======== Provided material

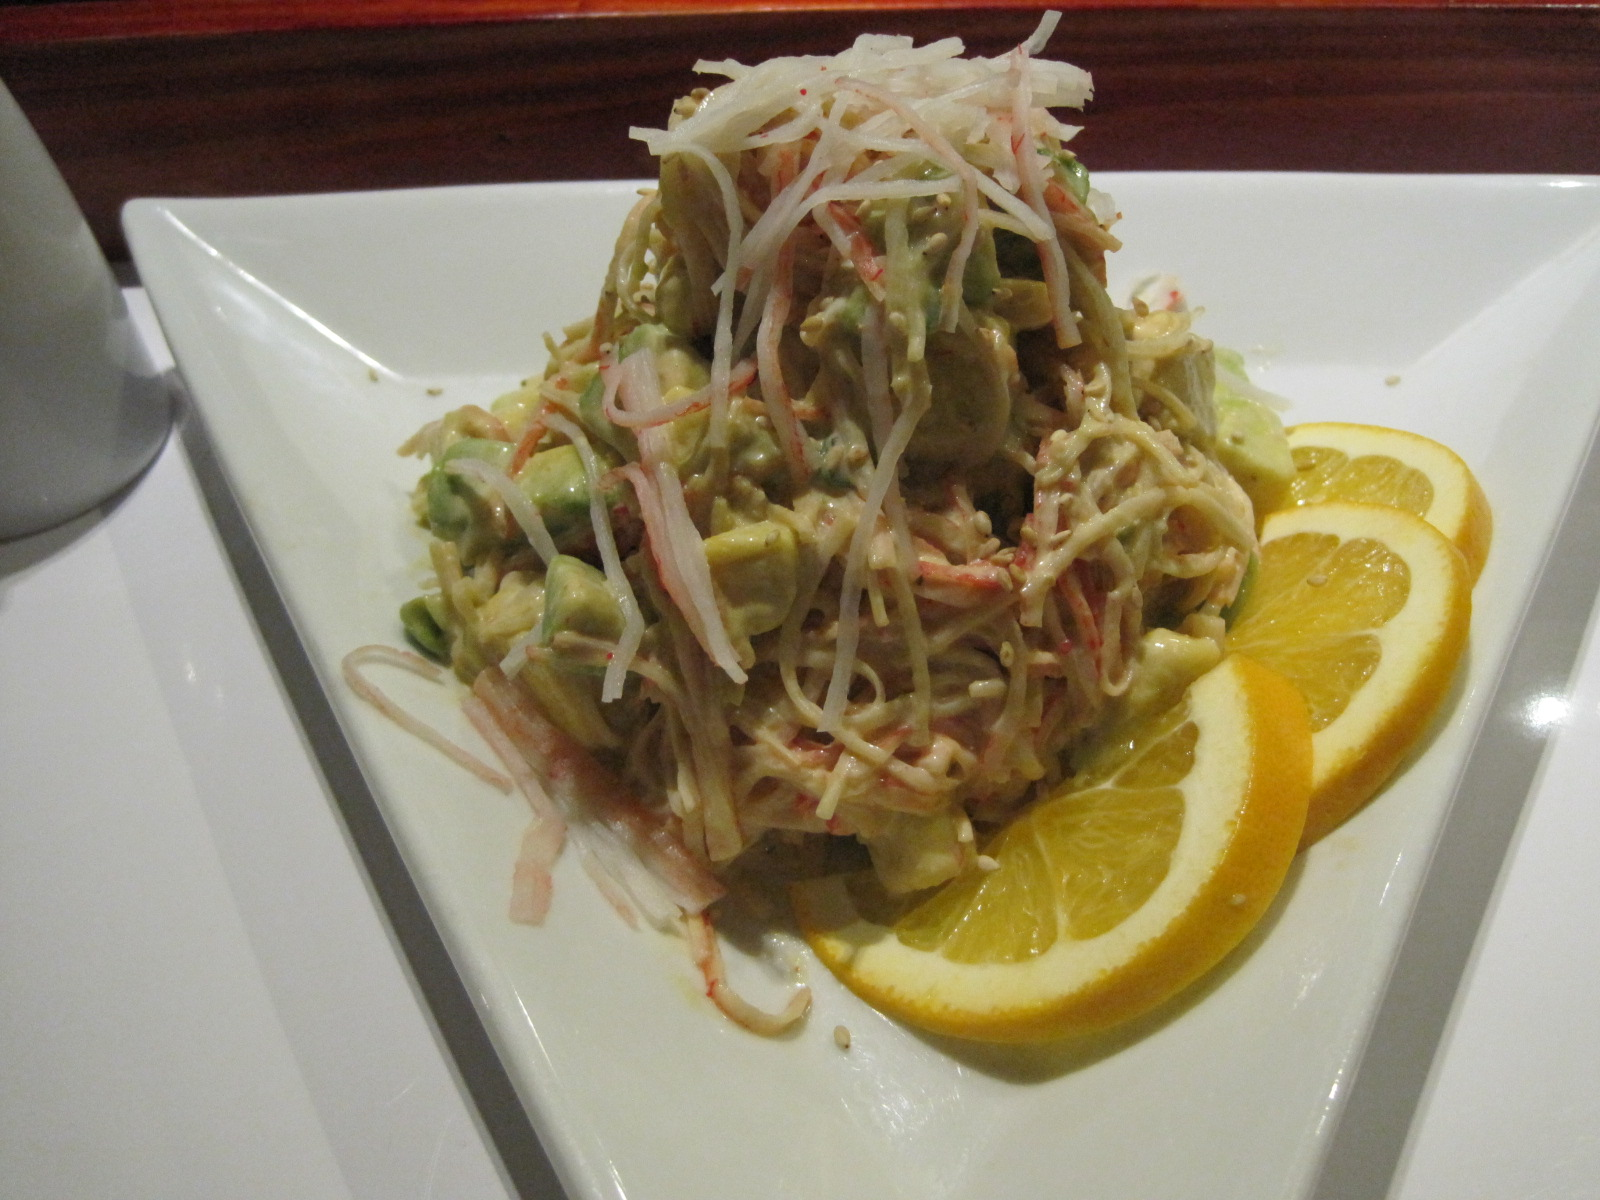 Crab & Avocado Salad Image
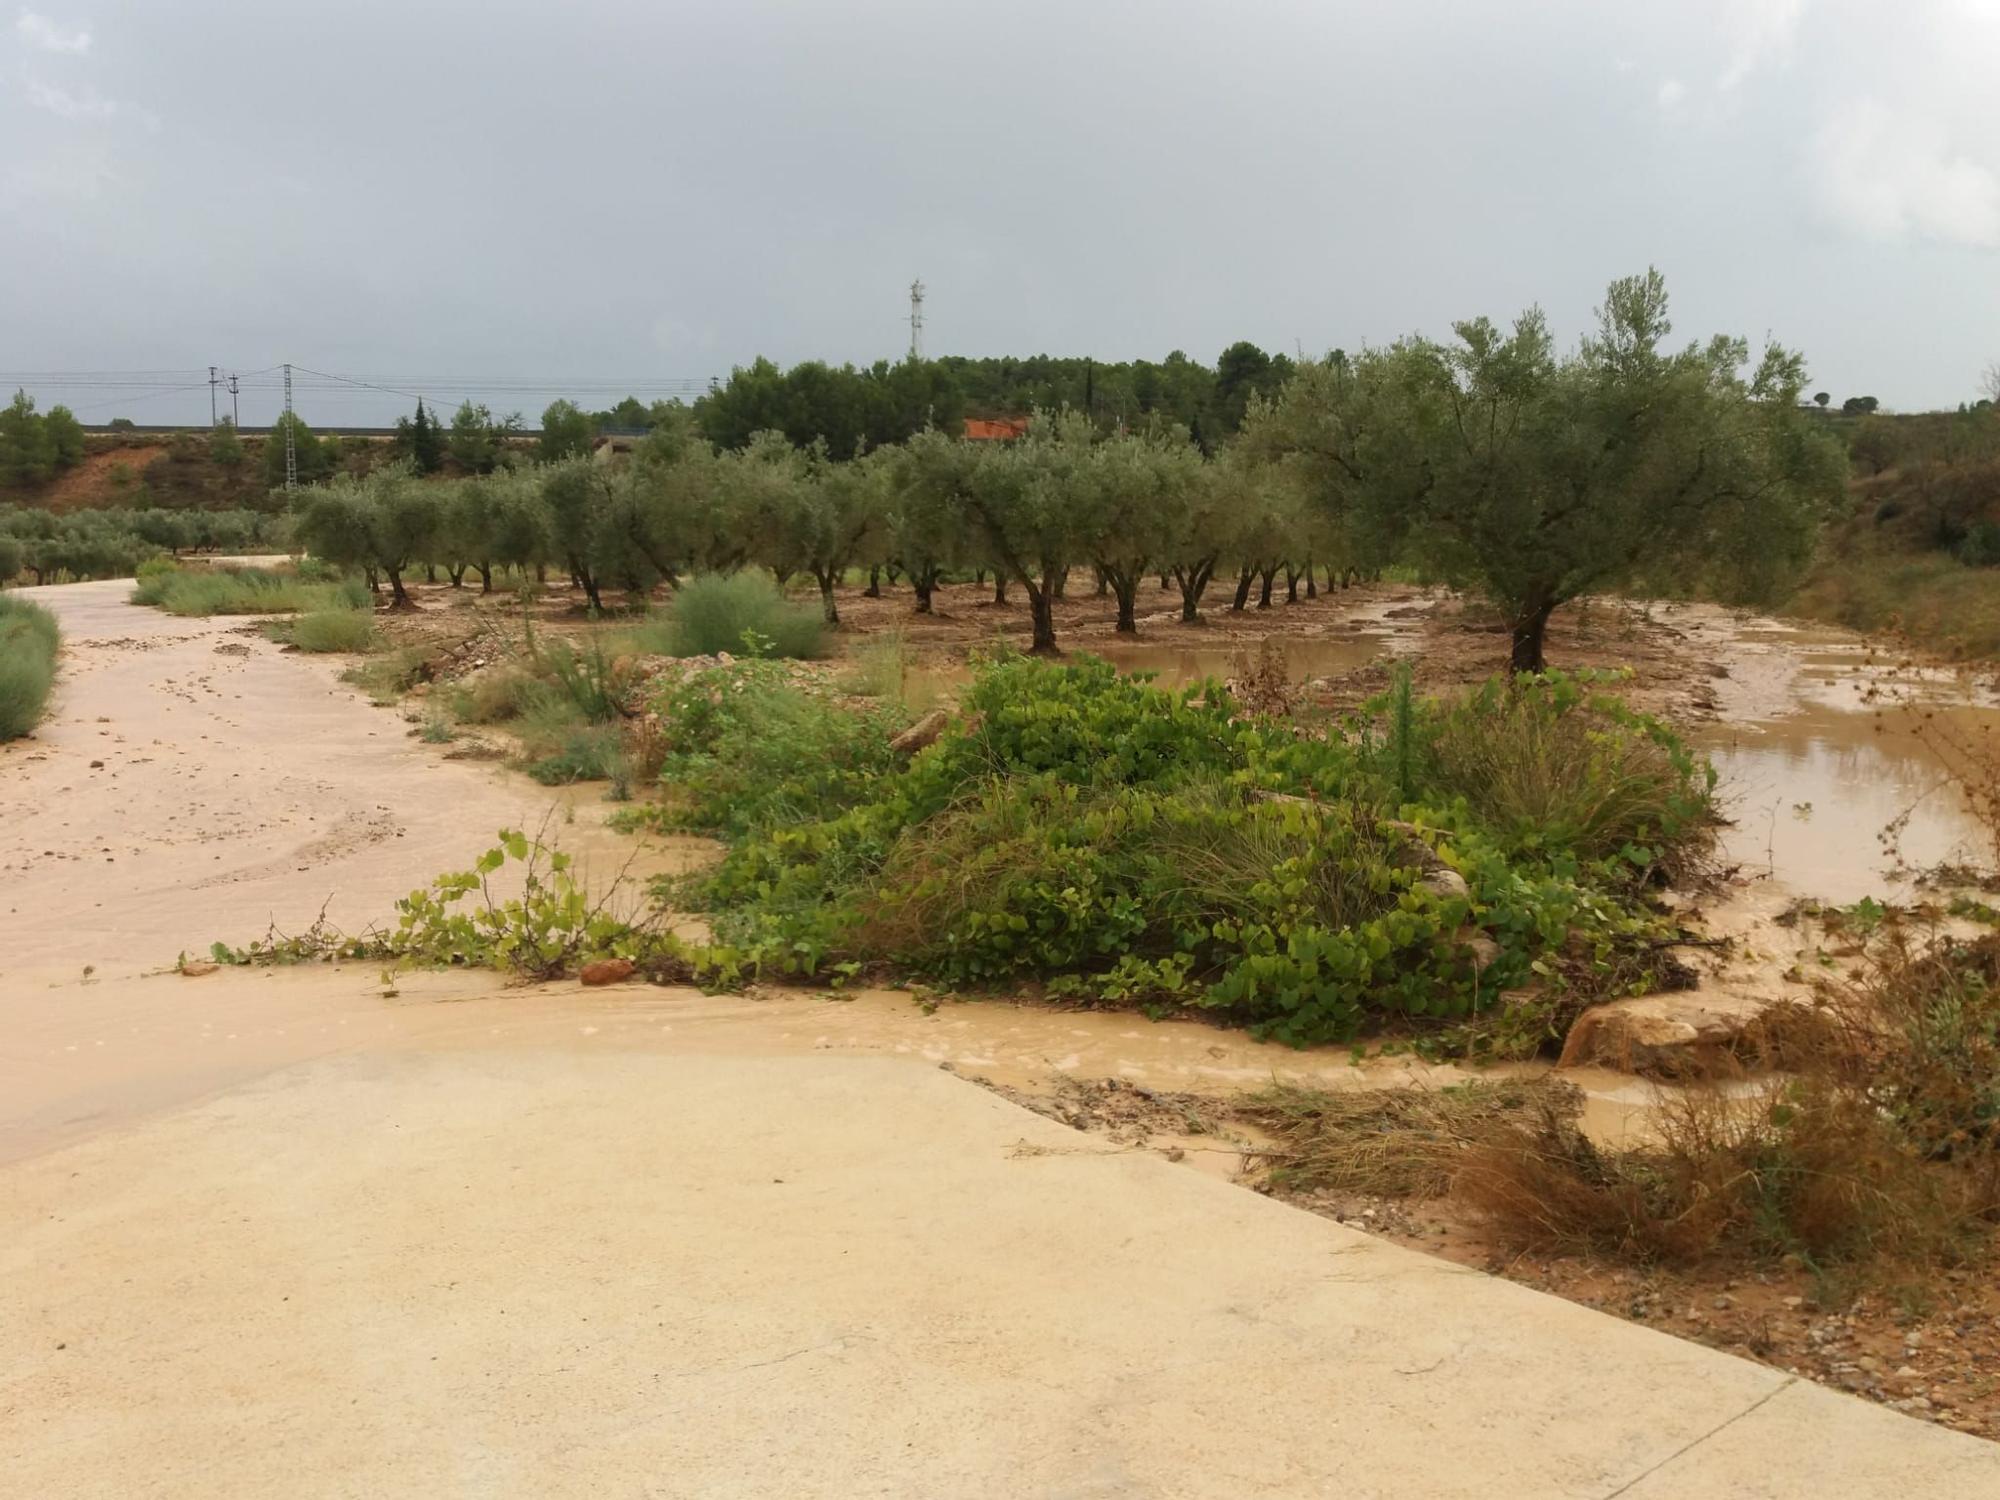 Las lluvias dejan hasta 50 litros por metro cuadrado en la Font de la Figuera
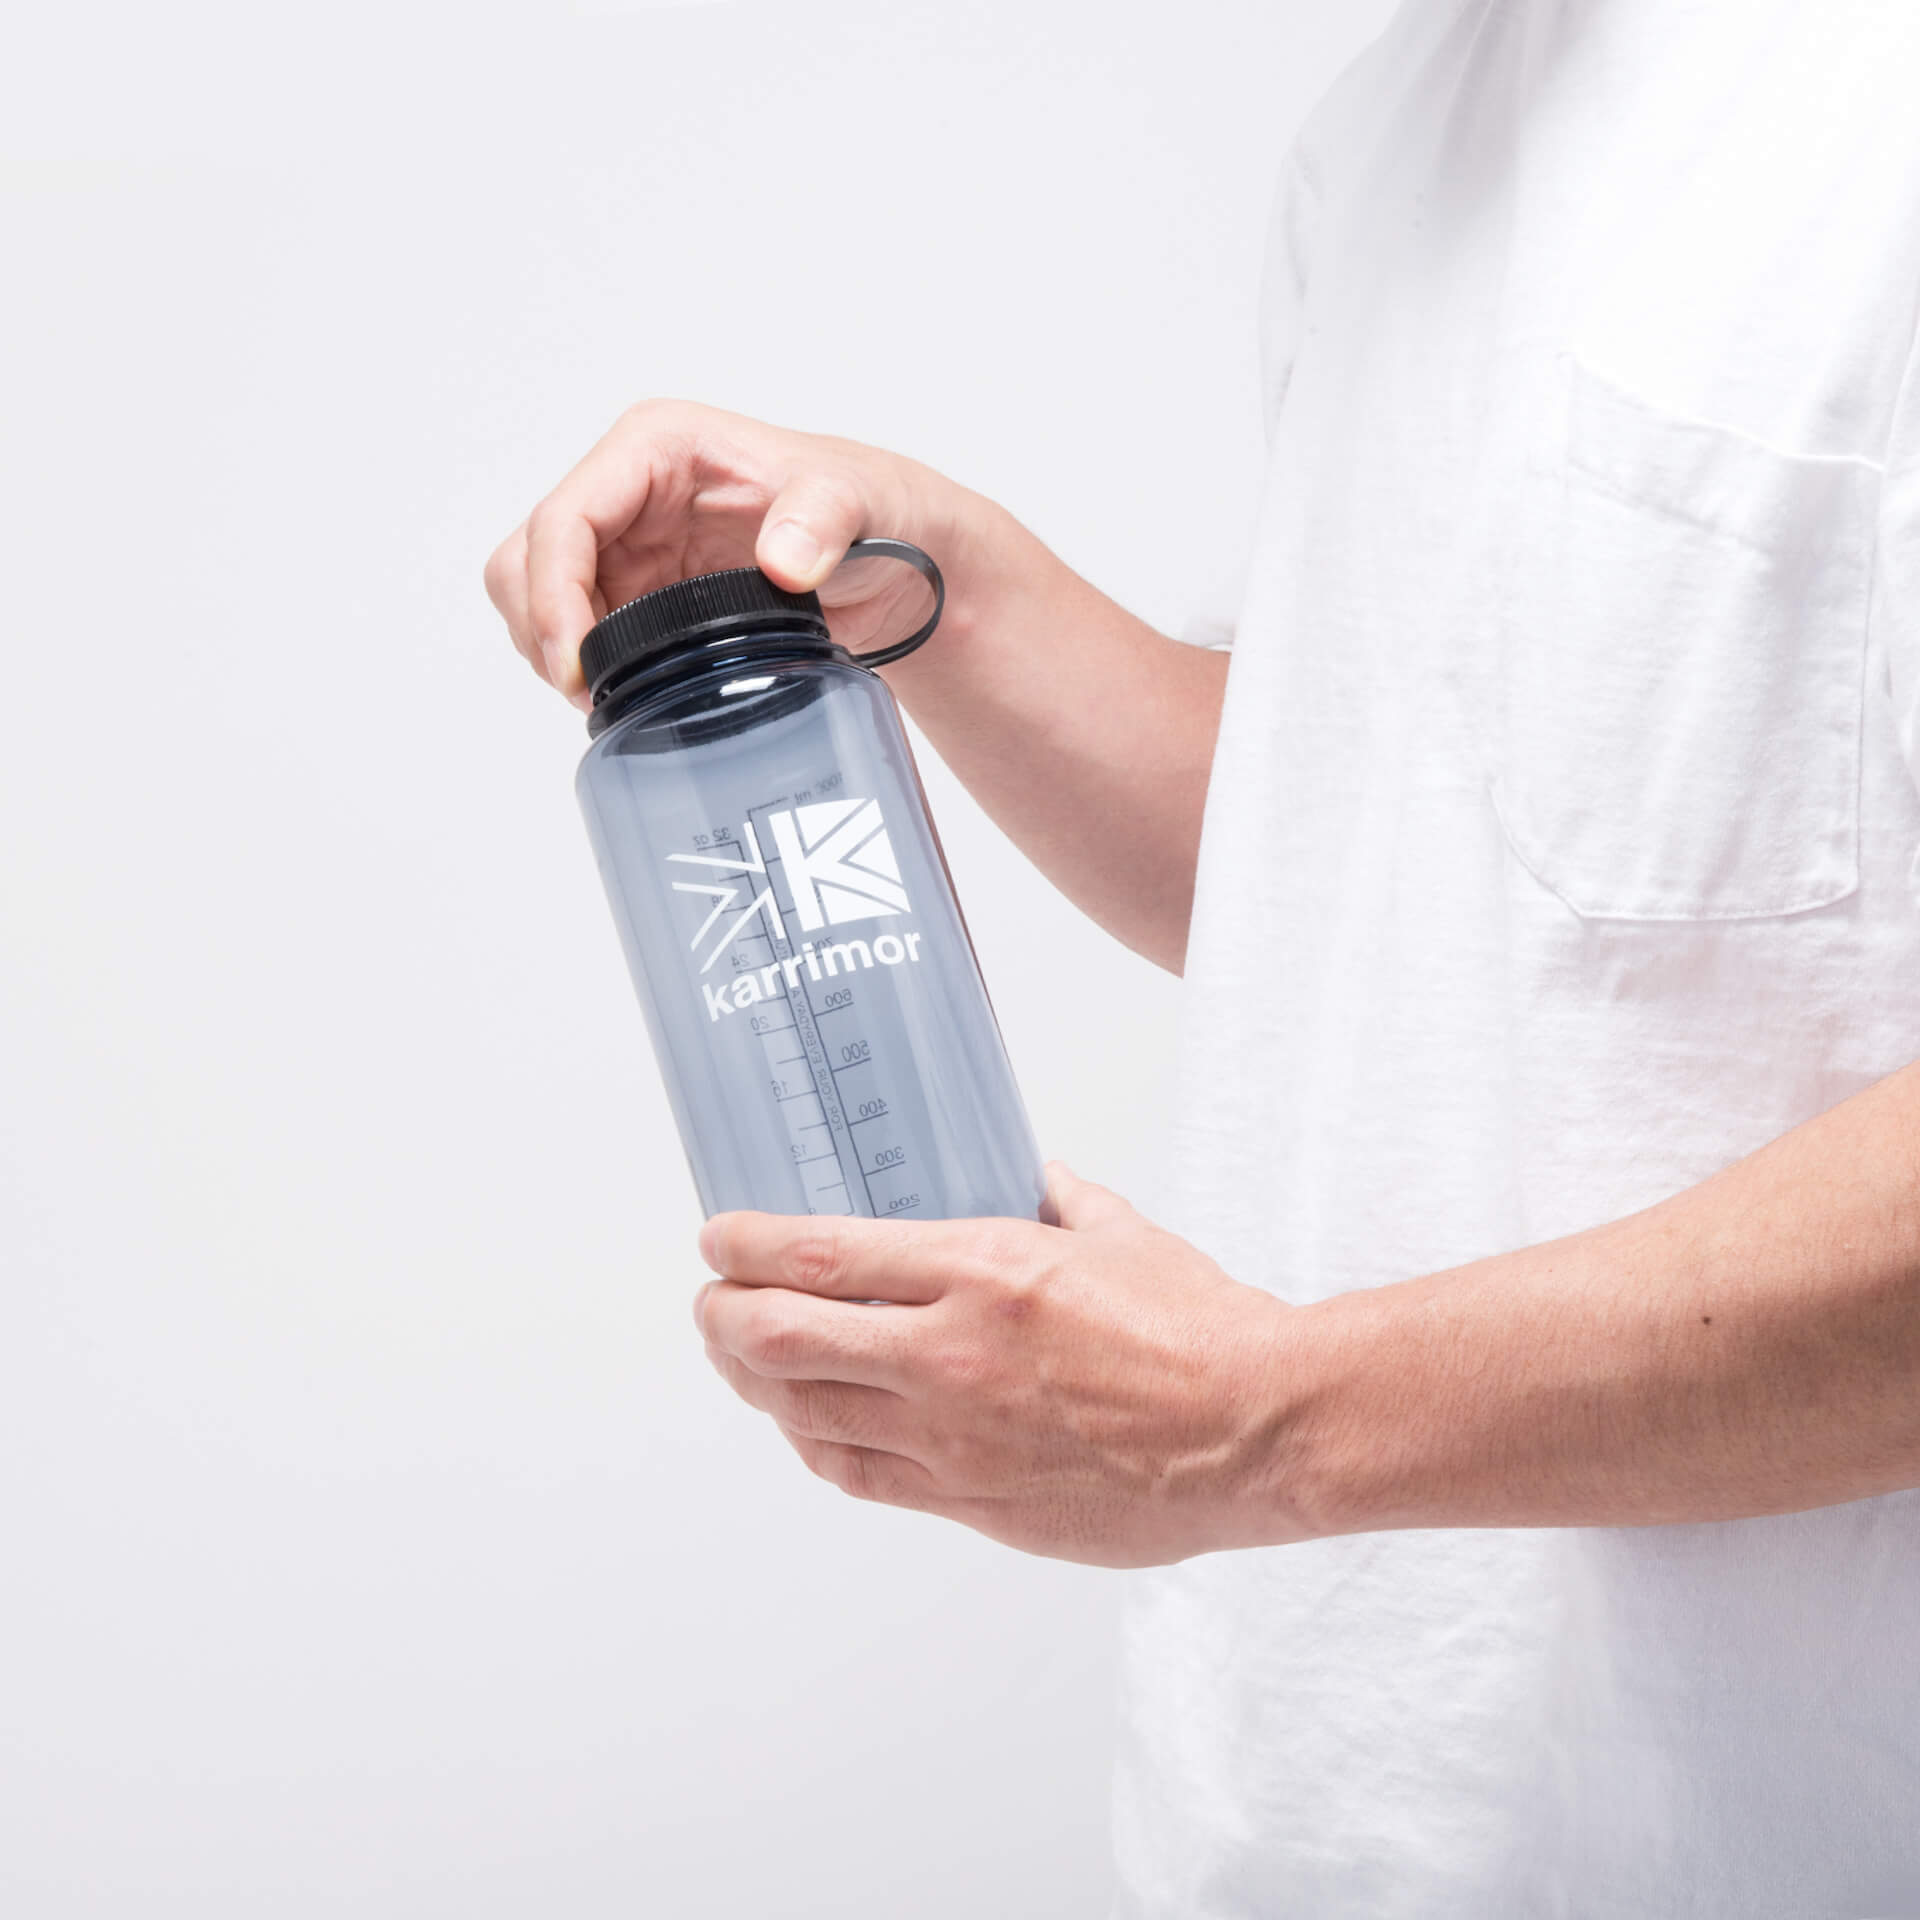 カリマーが無料給水サービスにも利用できるボトルを発売!Nalgenとのコラボアイテム life210601_karrimor_bottle_1

================

## Exercise
Word-for-word transcript, pictures excluded: copy all the material above.

## Answer to this problem
 Crab & Avocado Salad Image
 Las lluvias dejan hasta 50 litros por metro cuadrado en la Font de la Figuera
 カリマーが無料給水サービスにも利用できるボトルを発売!Nalgenとのコラボアイテム life210601_karrimor_bottle_1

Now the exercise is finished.